“If you don’t find some way to discuss what’s going on inside you, it can come out in other ways that are self-destructive.” – Viggo Mortensen

Human beings often engage in behaviors that aren’t entirely beneficial, either to ourselves or to those around us. There’s a host of reasons that this occurs: socialization, societal pressure, stress, to name a few.

Destructive behaviors can also be learned through a home environment, or by formative interactions with other people. There are many signs of a destructive person, and if you recognize them in yourself, there are ways to change your behavior and make your life more positive, fulfilling and healthy.



People lie for a variety of reasons. Sometimes the lies are little white lies and done for good reasons. Other times, people will lie to boost their own self-esteem, and tend to lie more often when they feel that other people’s perception of them is not as flattering as they would like it to be. The best way to combat the need to lie is to ask yourself what you are gaining, and whether the consequences for when the truth comes out are worth the risk. Connecting with people on a genuine and truthful level will garner longer lasting relationships than ones built on lies.


Researchers believe that a need for violence has evolved with human beings’ need for survival. However, we are no longer hunters and gatherers, and our ability to dispute calmly has evolved with our ability to engage in language and social interactions on a more intimate level. Neuroplasticity is a powerful tool for rewiring the brain from receiving dopamine in response to an aggressive situation or event. Allowing yourself not to engage or take pleasure in violence such as fights or harassment will do wonders for your disposition.


While theft can often be a desperate person’s act of survival, human beings also engage in stealing for purely selfish reasons. Some people do it to get a high or excitement. If you find yourself tempted to steal for any reason when you don’t have to, you may be indulging in a self-destructive behavior. Analyze where the need comes from, and ask yourself if the consequences are worth the thrill.


If you are in an unhappy relationship, or find yourself no longer engaged with your partner or spouse, you may feel yourself tempted to stray from the relationship. While the act at the time may seem justified, you will only be hurting both your partner and yourself by destroying the trust that they had in you and the relationship you built together. Open and honest communication can help heal any rifts you may be feeling without the need to become unfaithful.


Everyone has a bad habit that they have trouble kicking. However, it becomes destructive when someone clings to the habit as an excuse or with justification that it’s just too hard to quit. Seeking outside help, or support with friends or family, can make kicking a bad habit easier. You will feel better once you do.
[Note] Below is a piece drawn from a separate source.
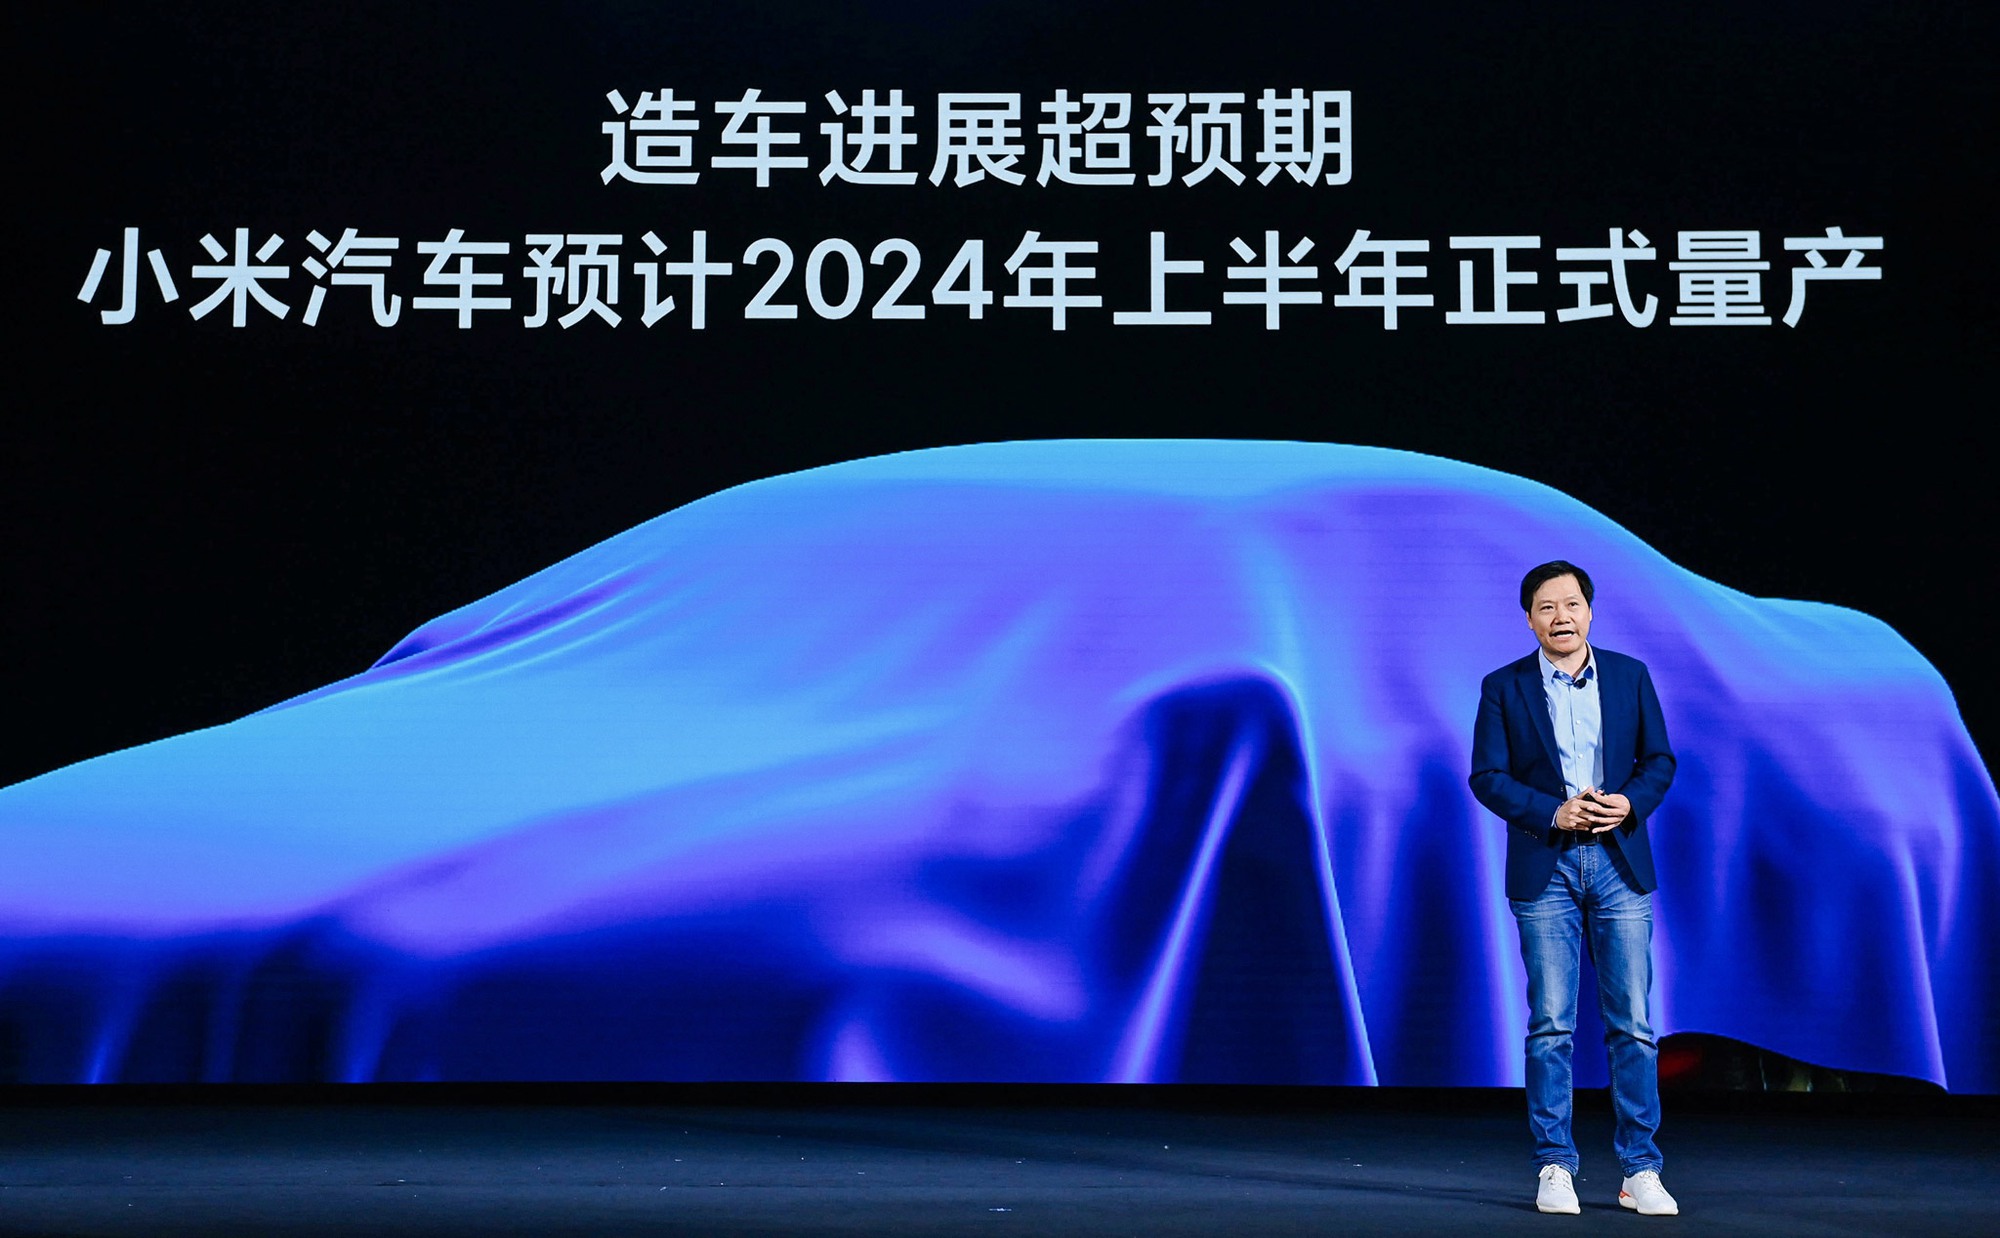 Cá nhân Lei đang dẫn đầu dự án 10 tỷ USD để sản xuất xe điện mang thương hiệu Xiaomi vào năm 2024. Ảnh: @AFP.

Children and adults both engage in bullying behaviors. It can be tempting to engage in this type of behavior, especially when others around you are encouraging you to do it, and it seems like the other person “deserves” it. But bullying is a destructive behavior for both ourselves and the people around us, and feeds on nothing but negativity. Standing up against bullying can be the first step to dismantling this particular behavior, and turning the situation around.

think before you speak


Self-esteem issues are common among children, teenagers and adults. Society often tells us that we have to look a certain way to be attractive. In the end, it can be tempting to schedule a non-essential cosmetic surgery to fix your nose, or tighten your jawline, or get rid of wrinkles. Unfortunately, what society deems and pushes as “beautiful” often changes within a few year’s span. Learning to love yourself just as you are is the best way to combat this particular destructive behavior. Not only is it destructive for our self-esteem and mental health, but for our bodies as well.


Sometimes, stressful situations happen and we can’t avoid it. However, sometimes we indulge the stress rather than taking steps to alleviate it. It can feel good in the moment to complain and go on and on about how stressed you are, and to feed into it. But once that’s over, you will be left feeling even more stressed out, and with no energy to destress. Taking the time to figure out a game plan for stress and self-care when it happens can make your life ten times easier, and nip this particular destructive behavior in the bud.


Humans are social creatures, and connecting with one another is the main purpose of language and social interaction. The goal of gossip is often to establish the boundaries and exclusivity of a certain group. It can be a powerful bonding tool, but at the expense of other people who are singled out to be gossiped about. Don’t engage with gossip if you find yourself in a situation where others are doing so. Changing the subject, or questioning the validity of the gossip can break you out of this habit.


People love to feel a rush, and gambling provides that rush. It can also be gravely addictive. This addiction can cause people who feed it to become self-destructive, as well as destructive to those around them by making it far more likely for the gambler to lie, cheat or steal in order to feed his addiction. If you have an addictive personality, do your best to limit your exposure to gambling, or seek help if you find it to become a problem.

A destructive person will inevitably end up surrounded only by other destructive people. Once you become aware of these behaviors in either yourself or others, you can learn how to combat them. Taking charge of your life, your social interactions, and your behaviors are the first invaluable steps to turning your life around, or helping others in the same way. It’s important to recognize the destructive behaviors that we exhibit in our daily lives, so we can work to change how we interact with people and how we treat ourselves.